Я наблюдал за очередным приступом судорожной рвоты у песика. Ничего не выходило, кроме желтой слюны.
— Я не поваренок, я псарь. Личный псарь Верити, если хочешь знать. И если мы не поможем этому маленькому глупышу, он умрет.
Я схватил её маленького питомца. Девица смотрела на меня со смесью благоговейного страха и ужаса.
Я стараюсь помочь, — нашептывал я. Песик не верил мне. Я разжал его челюсти и запустил два пальца ему в глотку. Собачка стала давиться ещё сильнее и изо всей силы царапала меня передними лапами. Когти его, кстати, требовали подрезания. Кончиками пальцев я нащупал кость. Я пошевелил её и почувствовал, что она поддается. Но кость застряла поперек маленькой глотки. Собачка приглушенно завыла и яростно забилась в моих руках. Я отпустил её.
— Что ж. Сам он от этой кости не избавится, — заключил я.
Я оставил служанку хныкать и причитать над песиком. По крайней мере, она не хватает и не тискает его. Я достал немного масла из кадки и положил его в свою миску из-под мяса. Теперь мне нужно было что-то вроде крючка, но не слишком большое. Я порылся в ящиках и наконец нашел изогнутый металлический крючок с рукояткой. Возможно, им пользовались, чтобы вынимать горшки из огня.

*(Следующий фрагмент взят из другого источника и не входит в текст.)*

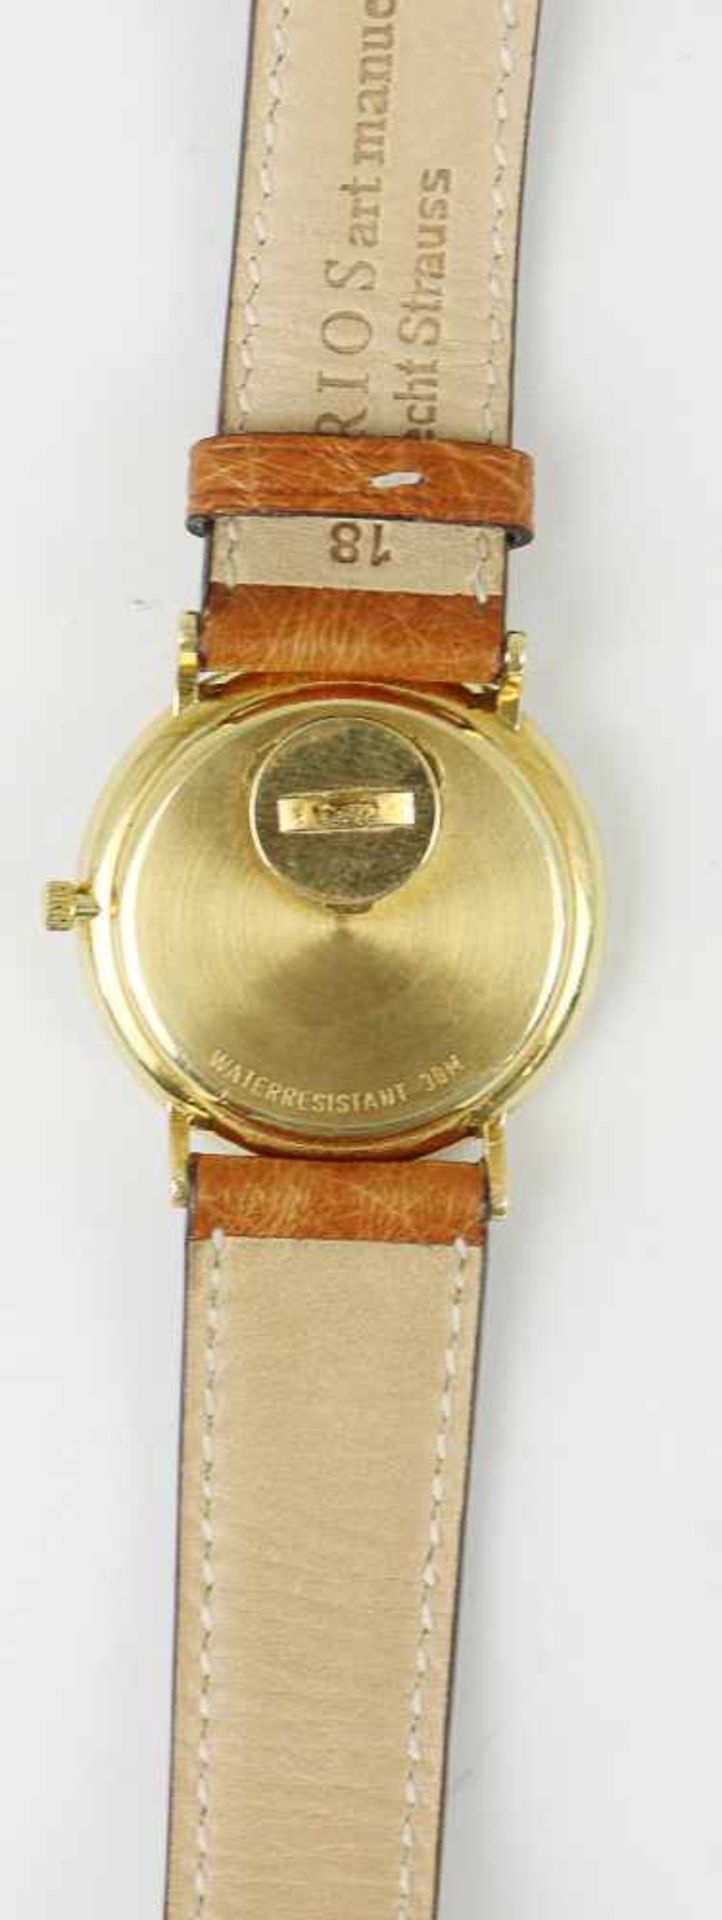 Herrenarmbanduhr - TissotSchweiz, GG 750, rundes Gehäuse, Dca.3,2cm, goldfarbenes Zifferblatt, - Image 4 of 5

— Сядь, — приказал я девице.
Она очумело уставилась на меня, но послушно села на скамейку, на которую я ей указал.
— А теперь зажми его между коленями и не отпускай, как бы он ни царапался, ни брыкался и ни визжал. И придерживай его передние лапы, чтобы он не процарапал меня до ребер, пока я буду помогать ему. Поняла?
Горничная глубоко вздохнула, потом сглотнула и кивнула. Слезы ручьями бежали по её лицу. Я поставил собаку к ней на колени и положил руки девицы на спину песика.

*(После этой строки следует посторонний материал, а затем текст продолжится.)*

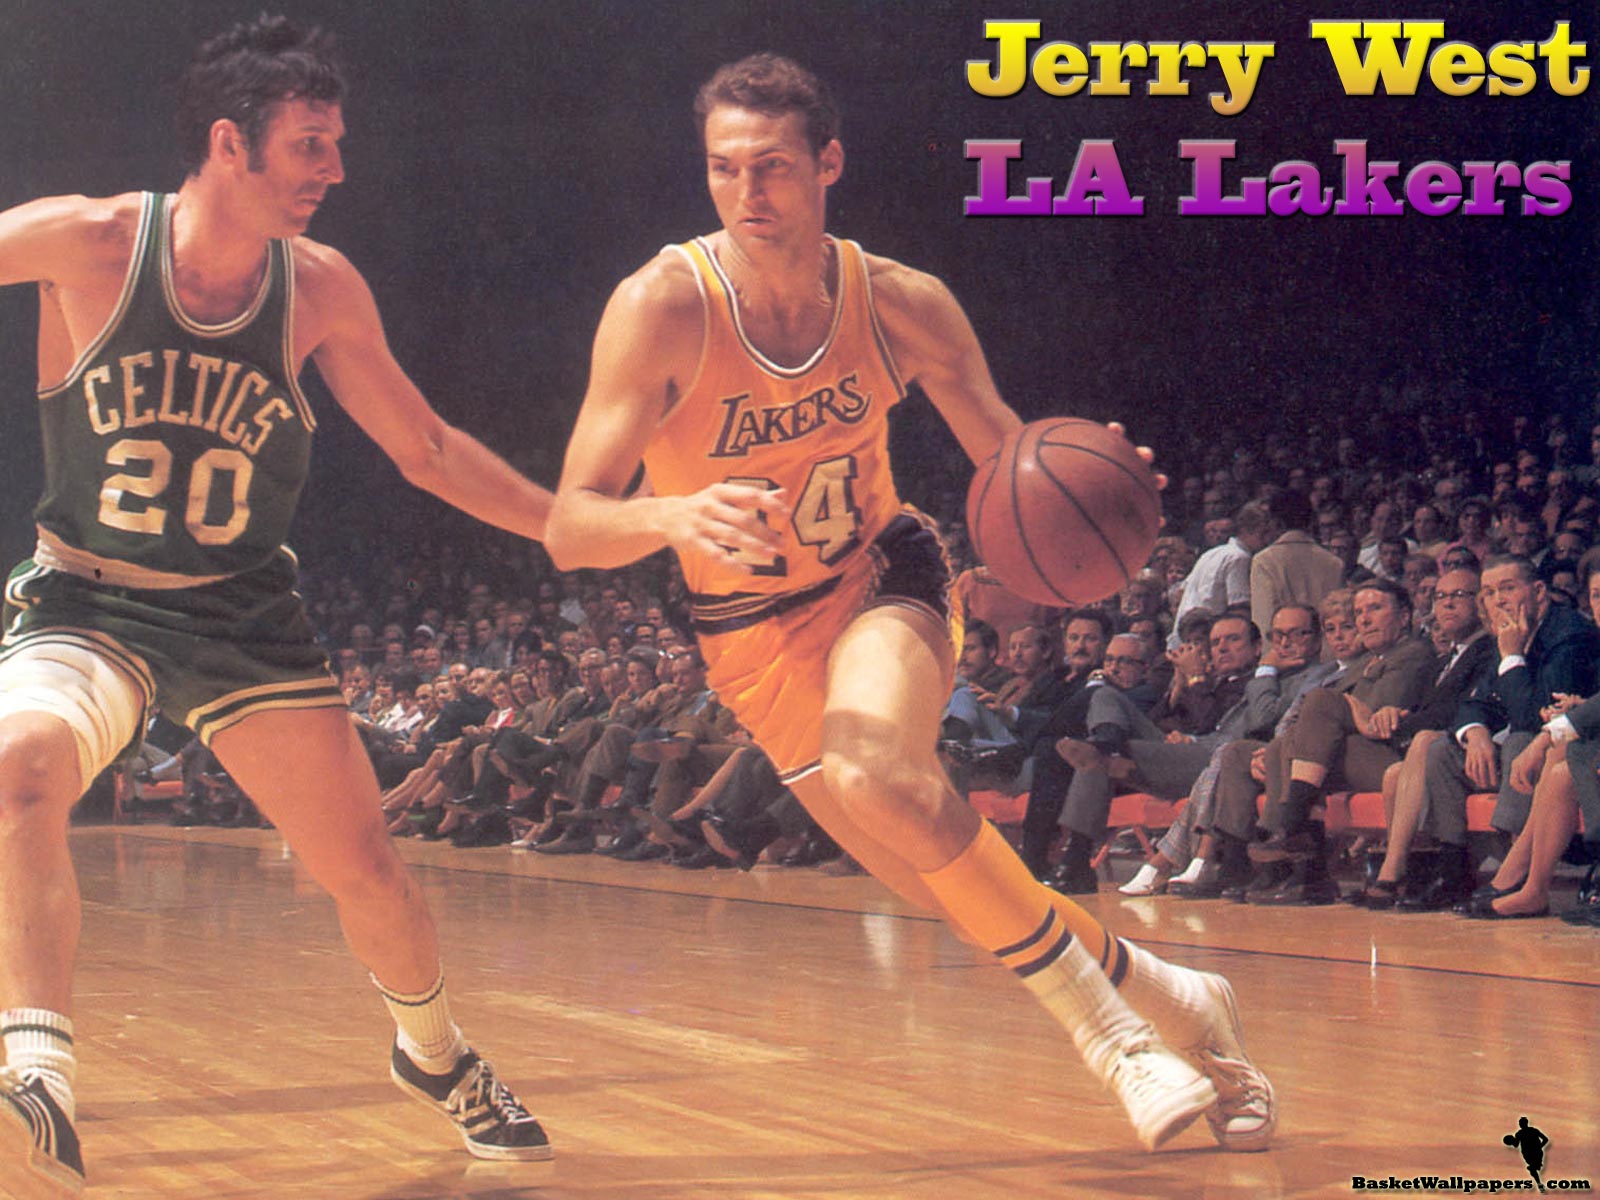 https://blogger.googleusercontent.com/img/b/R29vZ2xl/AVvXsEgZf1577lzWmJgn1HcWui6R0gRJbgLTAwCfD61ETopy2aW9MD9yy73vlhcwth2EiVjmjB1dkQH0LMriKjTxoA0g04XhfuOwCx5L7KlVGldJlX52RCfW0t8SMcgquYL9VfHf4FHe3vYW-RKA/s1600/Jerry-West-LA-Lakers-Wallpaper.jpg

— Держи крепко, — сказал я ей и зачерпнул комочек масла. — Я хочу смазать ему глотку жиром. Потом мне придется раскрыть ему пасть и выдернуть косточку. Ты готова?

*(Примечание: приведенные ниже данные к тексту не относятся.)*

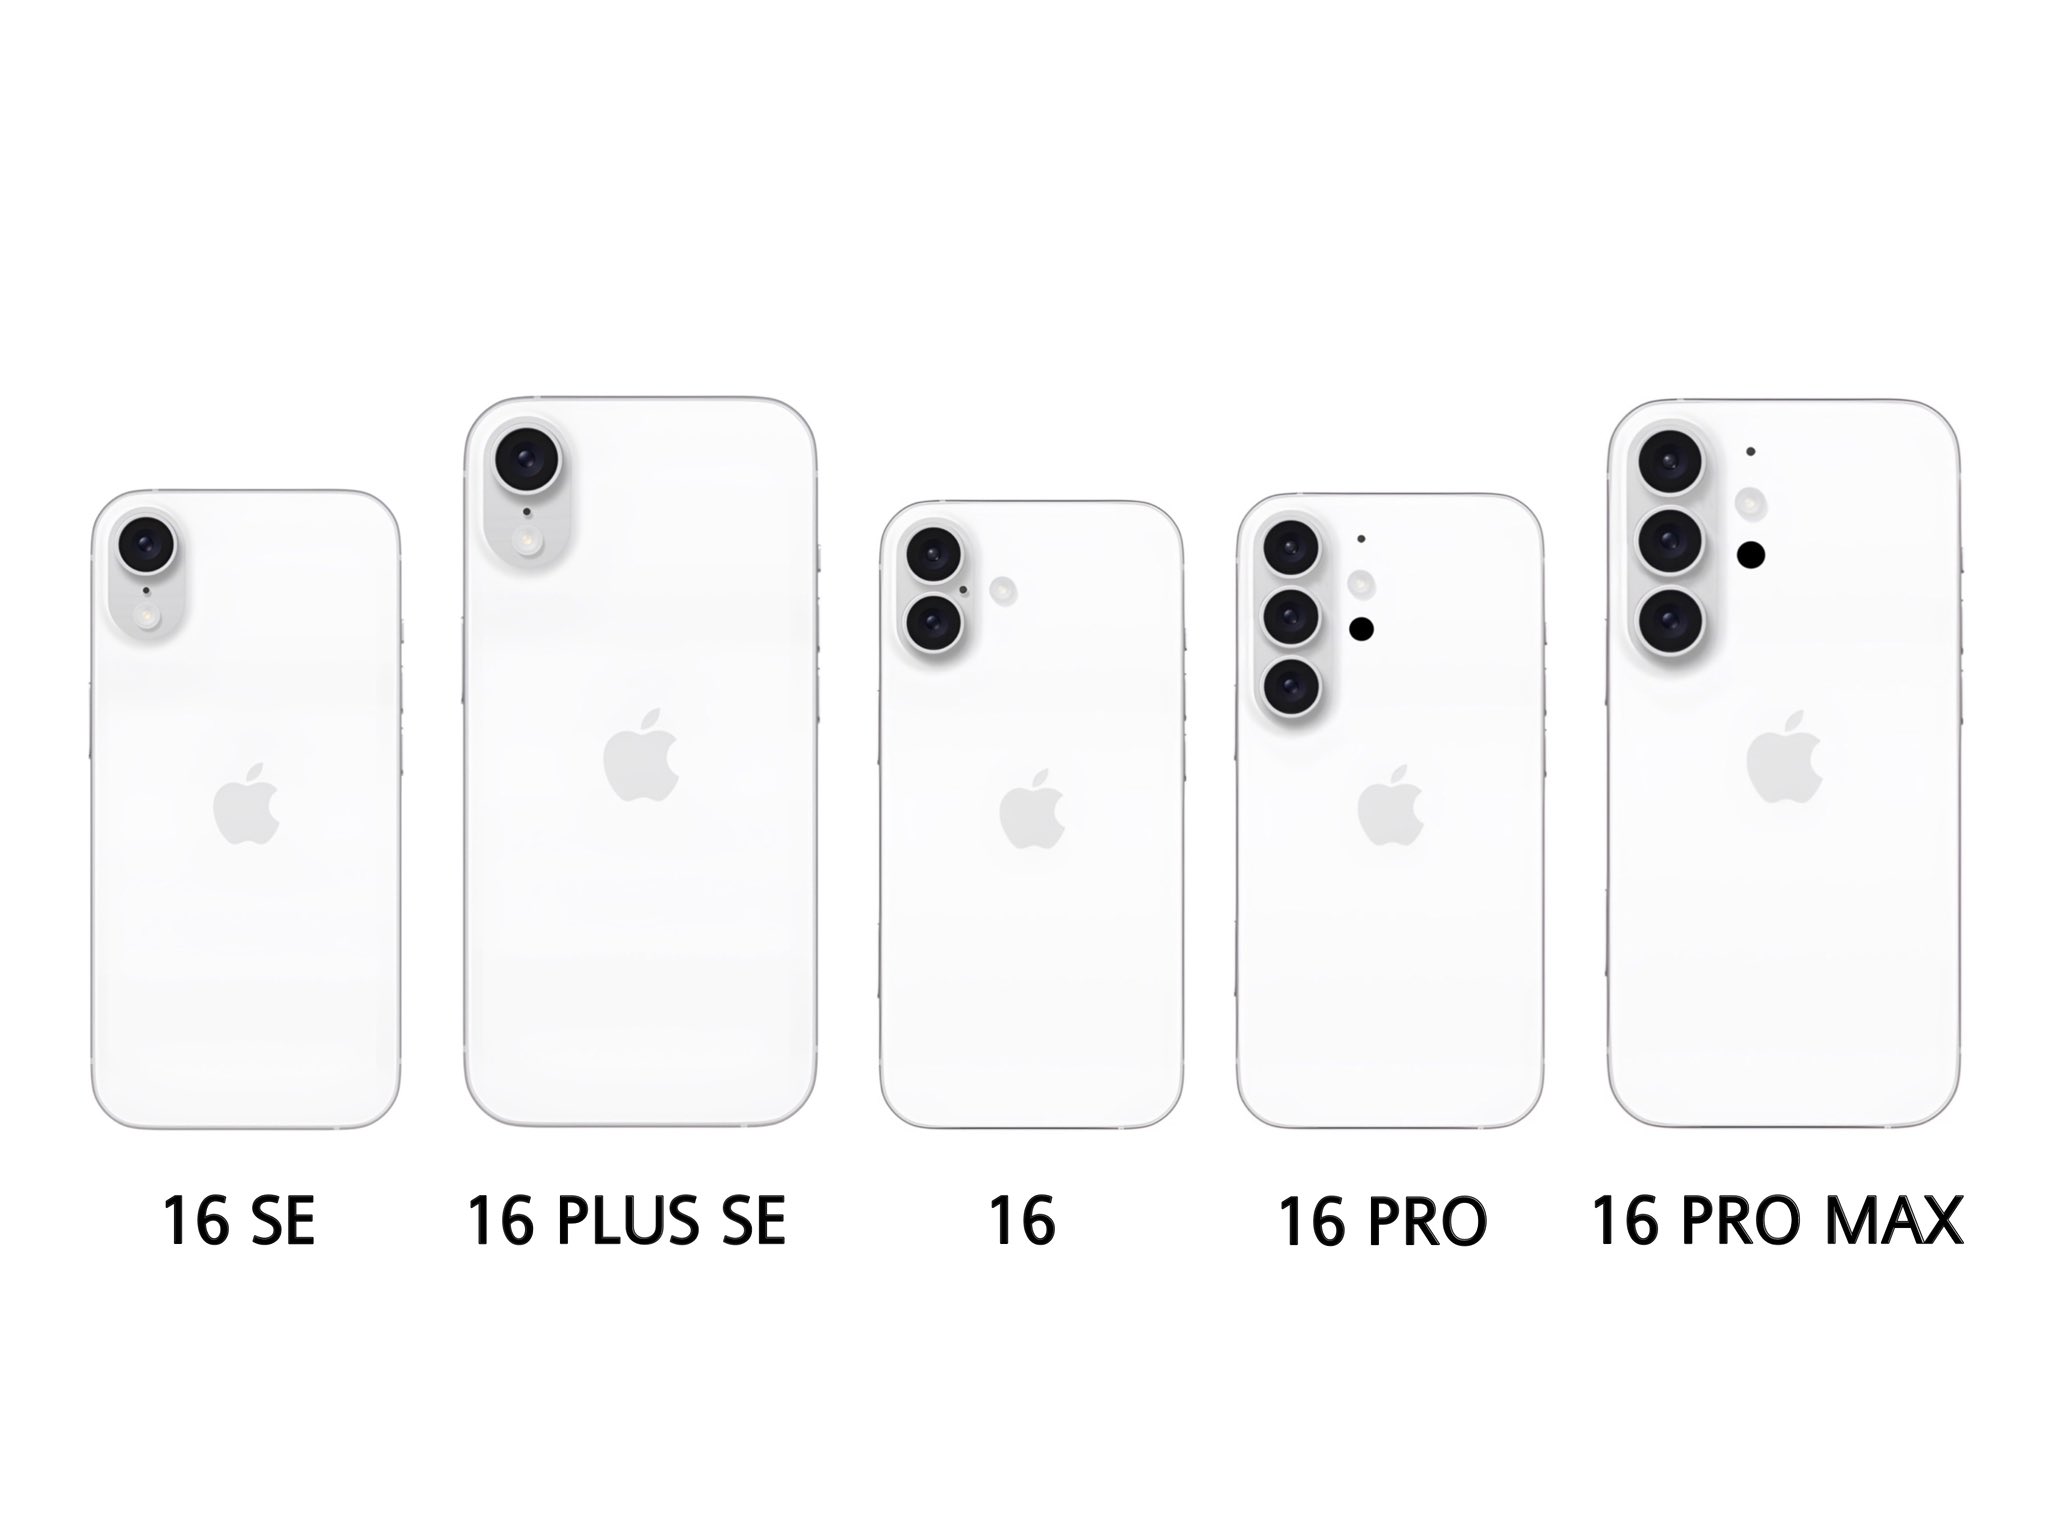 Suposta nova linha dos iPhones 16 com iPhones SE

Девушка кивнула. Слезы больше не лились, губы её были сжаты. Я был рад, что в ней нашлась хоть какая-то сила воли, и кивнул в ответ.
Запихнуть ему в глотку масло было легко. Однако оно заткнуло песику горло, и ему стало ещё страшнее. Мое самообладание содрогнулось под волнами его ужаса. У меня не было времени на нежности. Я силой развел его челюсти и запустил крючок в глотку. Я надеялся, что крючок не воткнется в плоть. Ну а если бы это и произошло, песик, если ему не помочь, все равно был обречен. Я повернул инструмент у него в горле, а пес извивался и визжал и описал всю хозяйку. Крючок зацепил кость, и я потянул ровно и уверенно.
Она вышла вместе с комком слюны, пены и крови, зловредная маленькая косточка, и вовсе не рыбья, а грудная кость маленькой птицы. Я швырнул её на стул.
— И птичьих костей ему тоже нельзя давать, — свирепо сказал я девице.
Не думаю, что она слышала меня. Собака благодарно хрипела у неё на коленях. Я поднял миску с водой и протянул песику. Он обнюхал её, полакал немного и потом свернулся в изнеможении. Девица подняла его и стала баюкать, прижимая к груди, как младенца.
— Пообещай мне кое-что, — начал я.
— Что угодно. — Она говорила, уткнувшись в шерстку любимца. — Проси, и это твое.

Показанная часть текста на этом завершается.